* Exercise data:
***

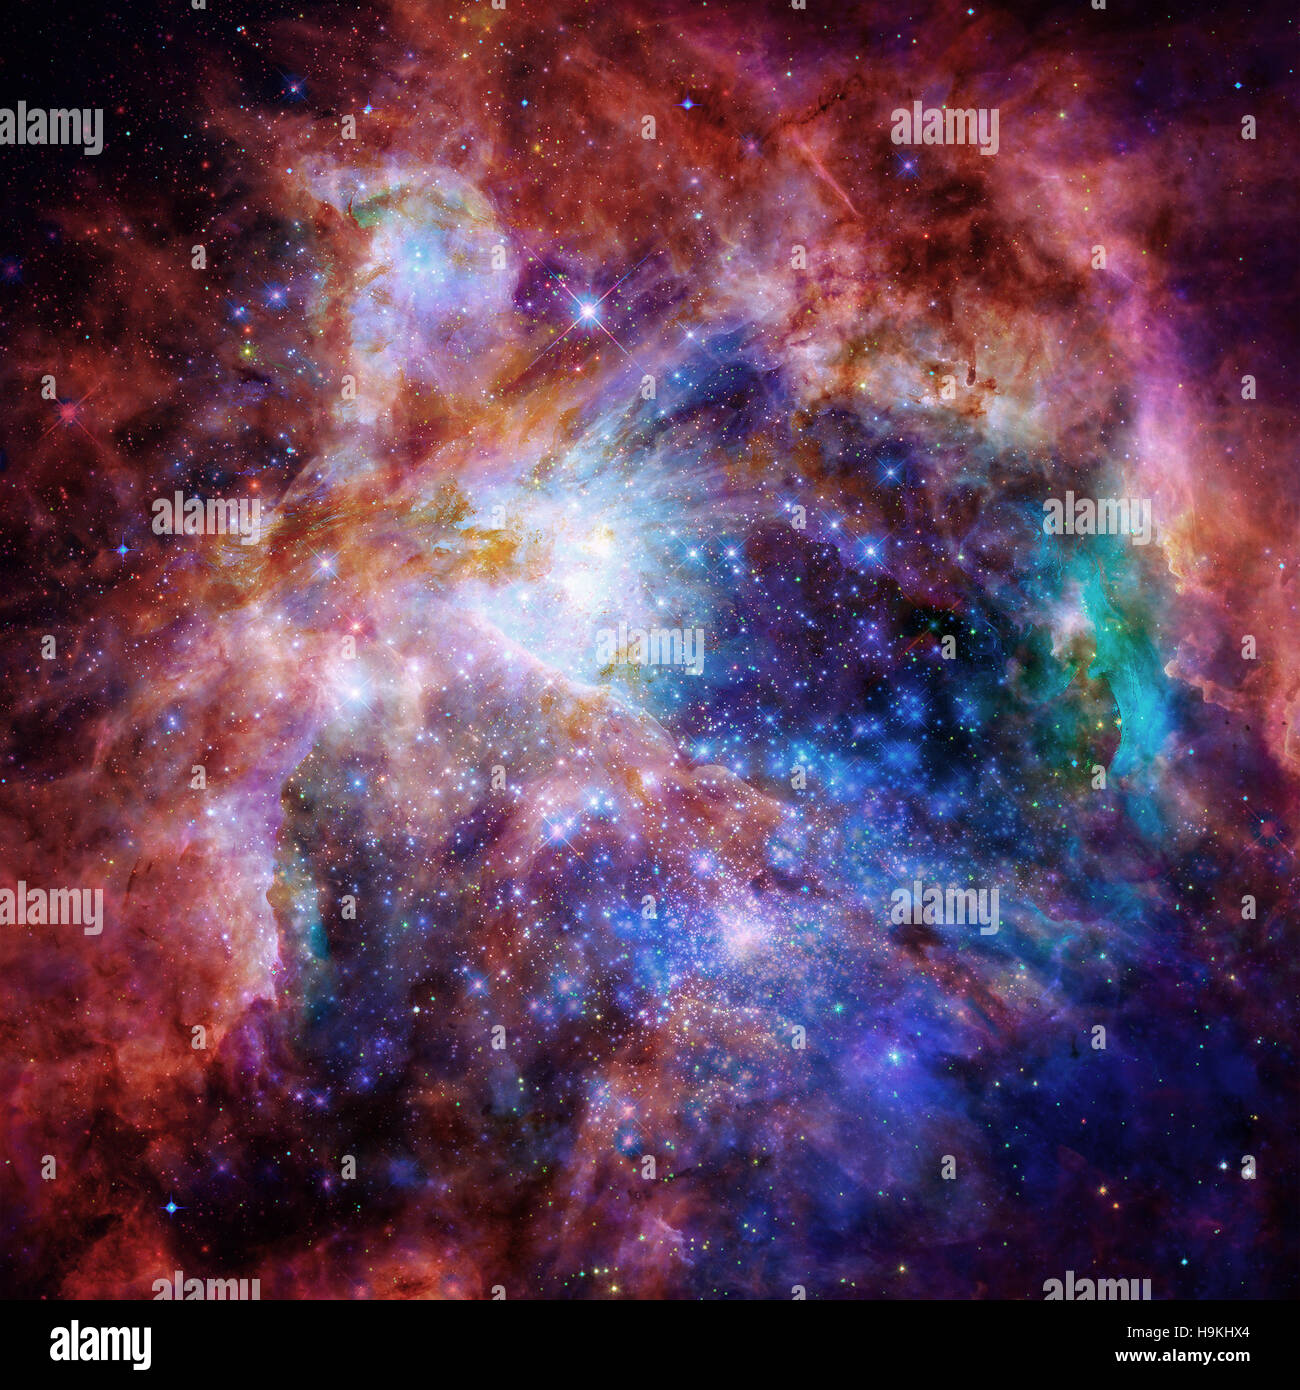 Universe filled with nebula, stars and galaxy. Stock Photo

***

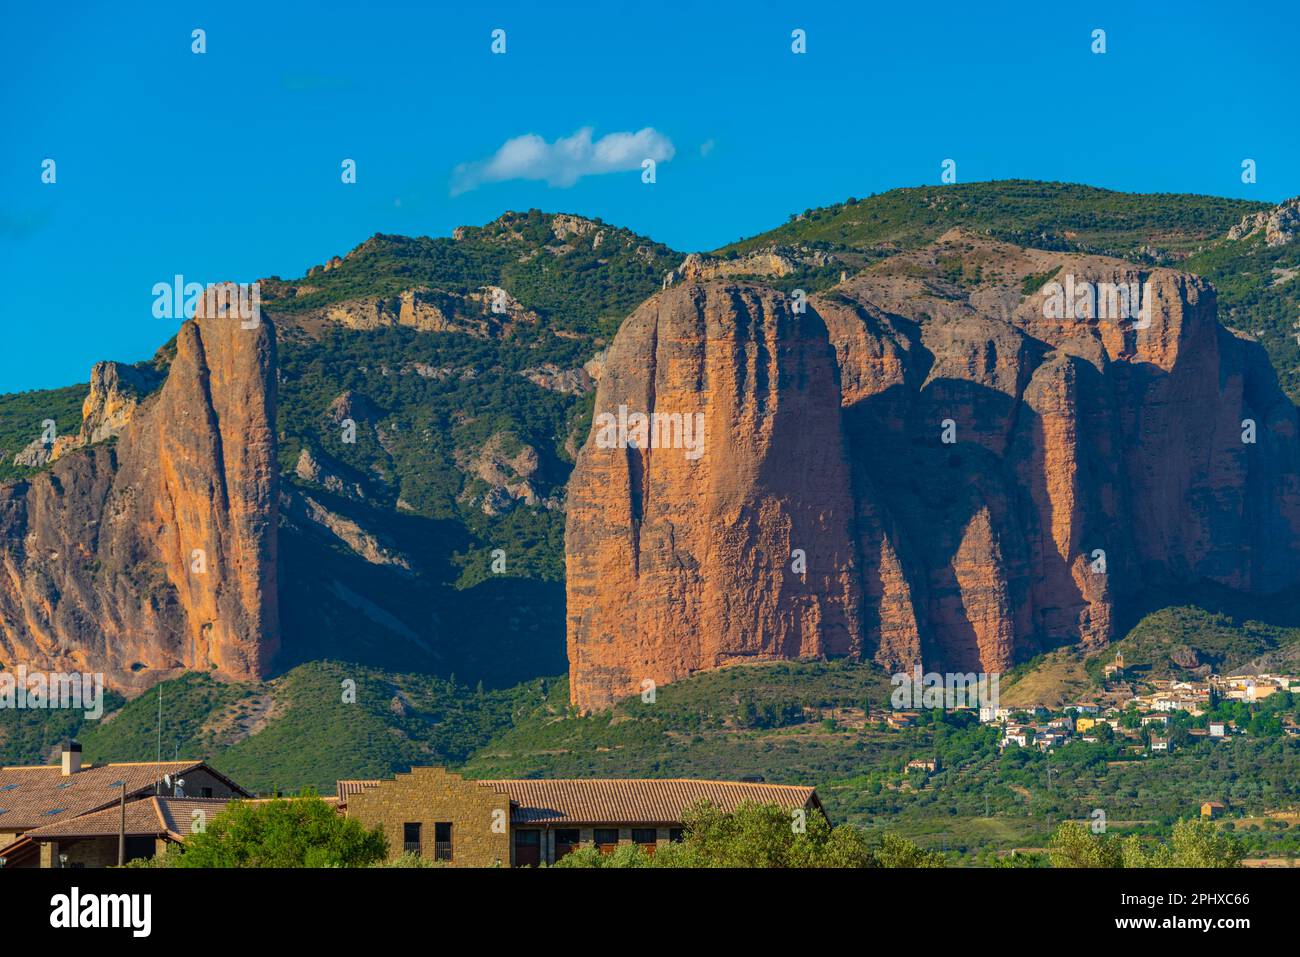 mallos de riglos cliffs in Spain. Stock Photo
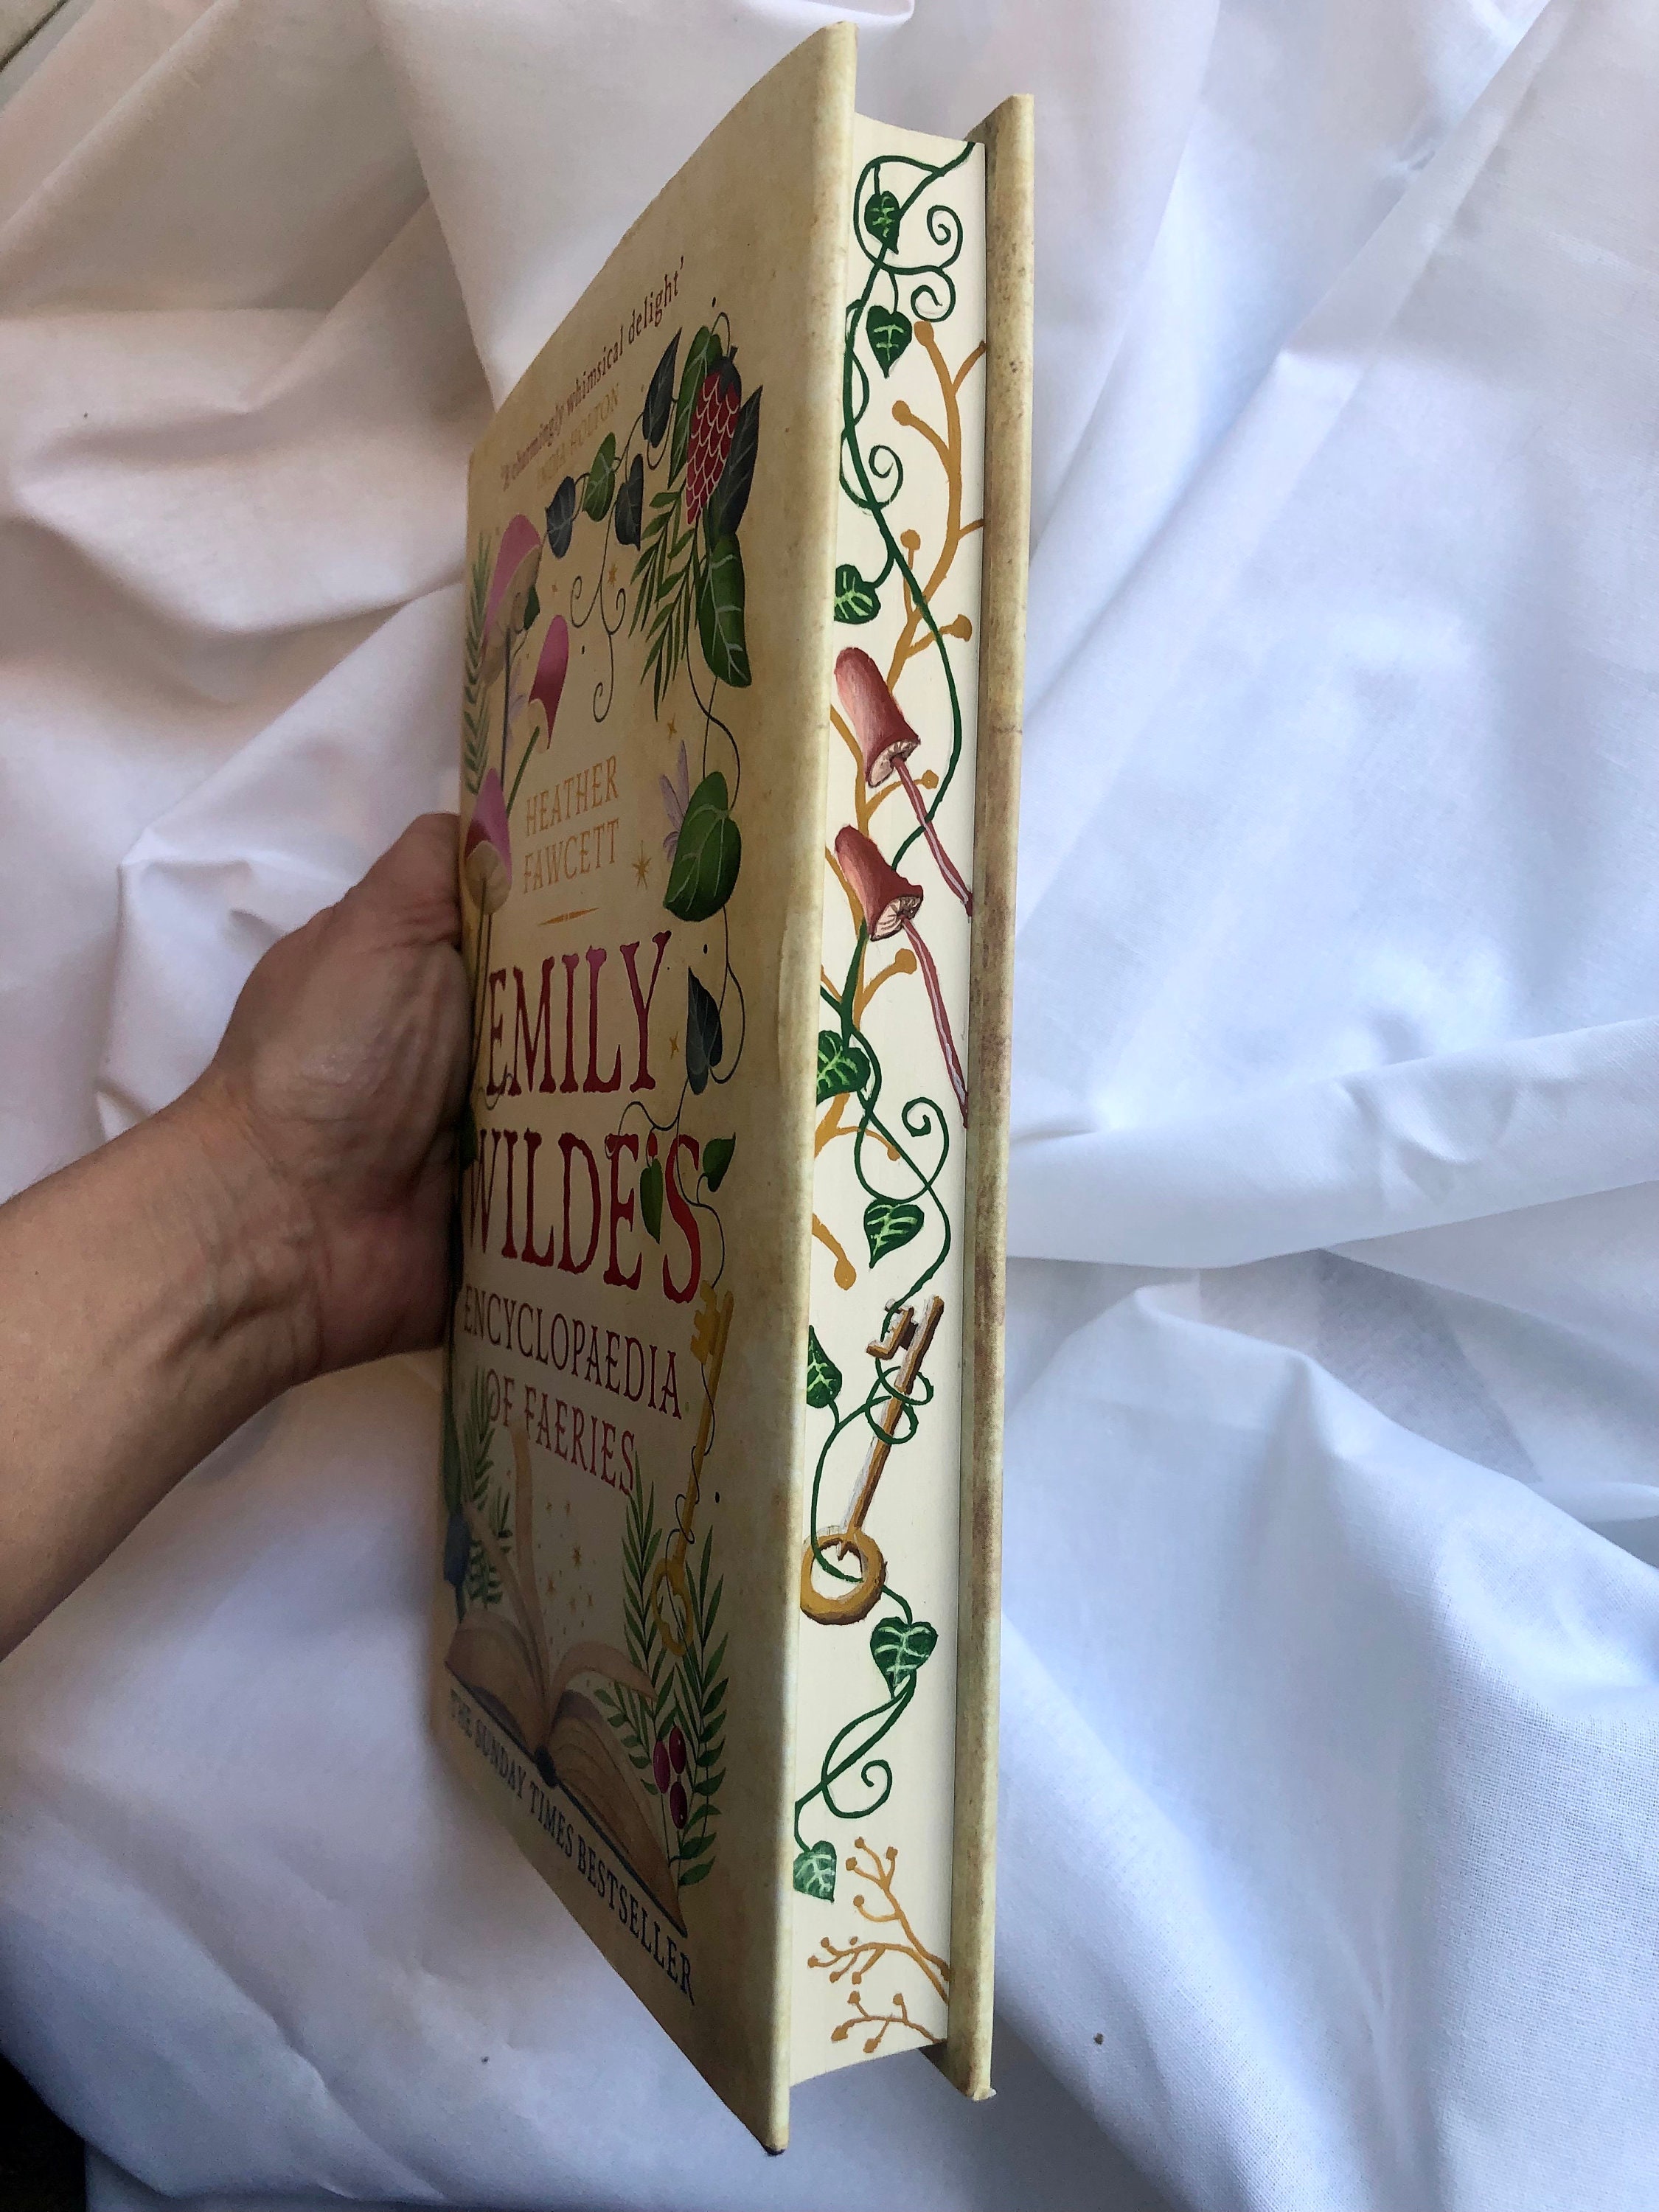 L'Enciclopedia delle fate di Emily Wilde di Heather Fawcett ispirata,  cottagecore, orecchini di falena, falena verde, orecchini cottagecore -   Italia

***

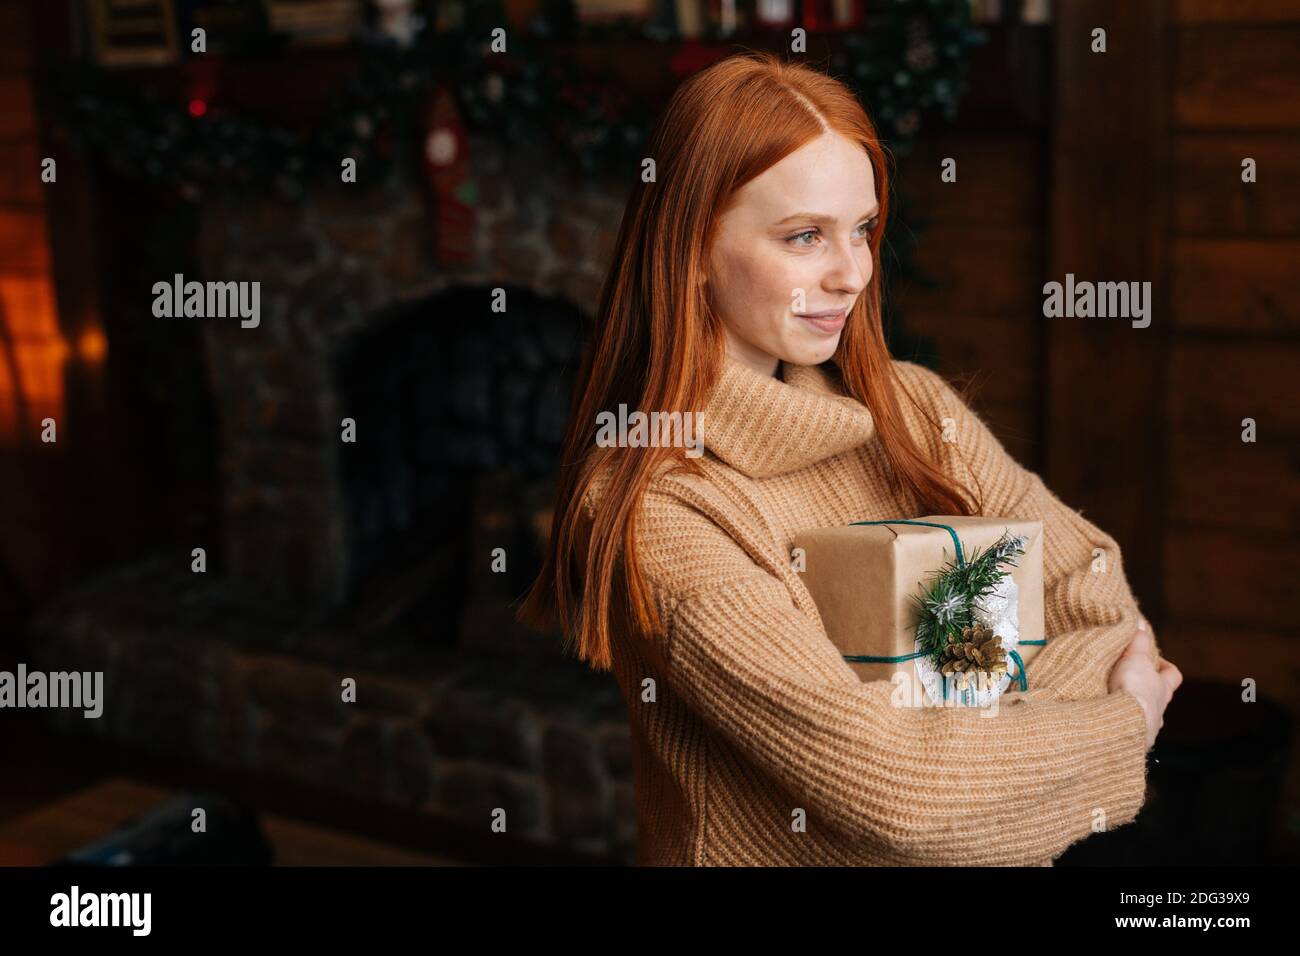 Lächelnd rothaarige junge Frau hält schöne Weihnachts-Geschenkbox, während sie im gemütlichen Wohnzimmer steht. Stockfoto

***

Print, word for word, the lines above that run from the line containing "mallos de riglos" to the line containing "L'Enciclopedia delle fate", both included. Keep the pictures out.

 mallos de riglos cliffs in Spain. Stock Photo
 L'Enciclopedia delle fate di Emily Wilde di Heather Fawcett ispirata,  cottagecore, orecchini di falena, falena verde, orecchini cottagecore -   Italia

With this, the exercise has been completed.